LUKE: Which I think really, it wasn’t until I had kids and had a partner, such a strong relationship, where I was like, “No, actually, I need to think about where I put my time and how I put my time.”

KOSTA: Yeah, it’s a precious thing. Time and space is a really precious commodity, you know?

LUKE: Yeah, it is.

KOSTA: I guess, as you were just talking about this deeper story of the Aboriginal problem, I can see why IndigenousX sprung up as a way to have this pass-the-mic approach to Indigenous representation in media. Because the story that is enshrined in our own national identity is very difficult. That’s an entirely different starting point. So you’ve got the Indigenous empowerment approach, which is butting up against a broader narrative of inferiority and misrepresentation of what the state of play is with Indigenous people around the country, right?

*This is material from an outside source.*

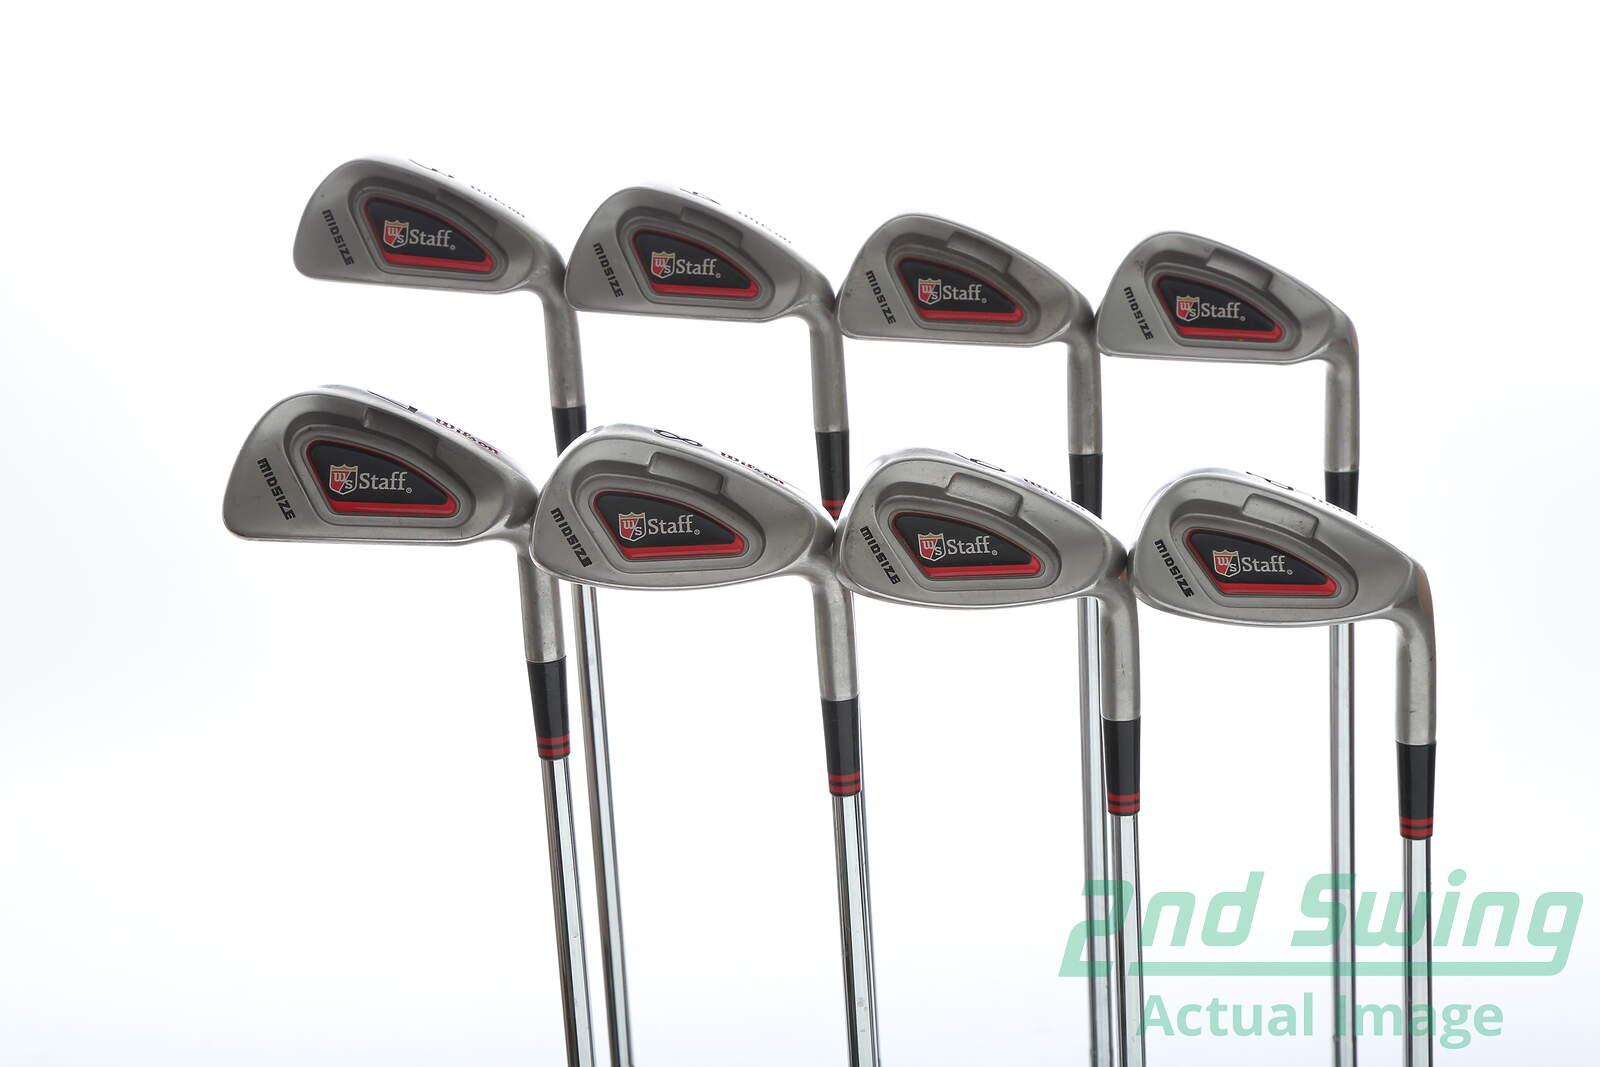 Wilson blackjack 8-piece hybrid iron set
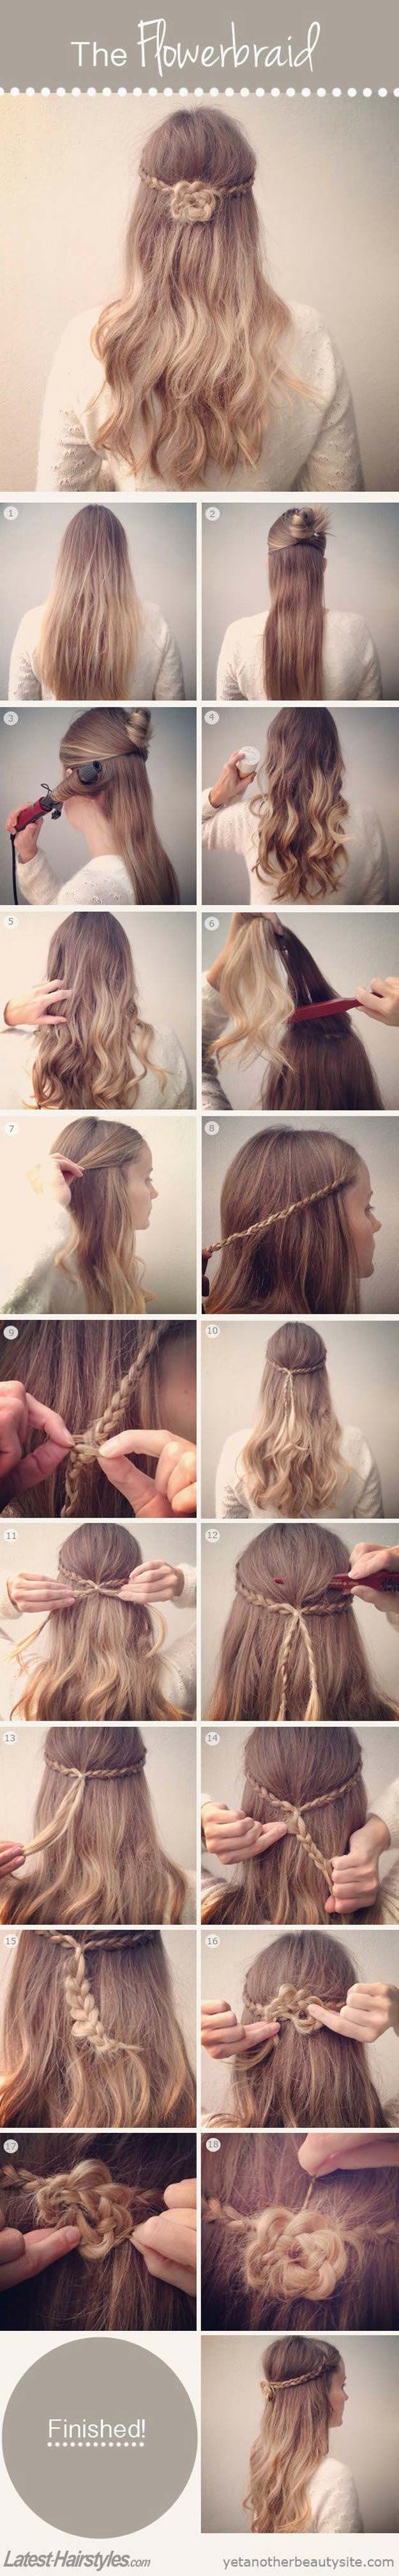 Best 25 How to braid cornrows ideas on Pinterest

So just from that, reframing this problem then of how do we change people’s attachment to this old story? Do you have any thoughts? In addition to everything you’re doing with IndigenousX, do you have any thoughts on how we can engage with that story or encourage people to engage with a new story?

LUKE: It’s interesting. There’s so much where… And that’s why I write. A lot of what I write is a two-pronged thought. I mean like all writers, sometimes I write because something’s pissed me off and I need to get it down.

KOSTA: Yeah, I can relate.

LUKE: Or I’ve been thinking about something, and it’s taking up too much of my metal space. I find writing it down useful. But when I’m doing thoughtful writing of “what do I want to put out into the public sphere?”, I want to give language to mob particularly who know the ideas but don’t necessarily have the articulation of those ideas.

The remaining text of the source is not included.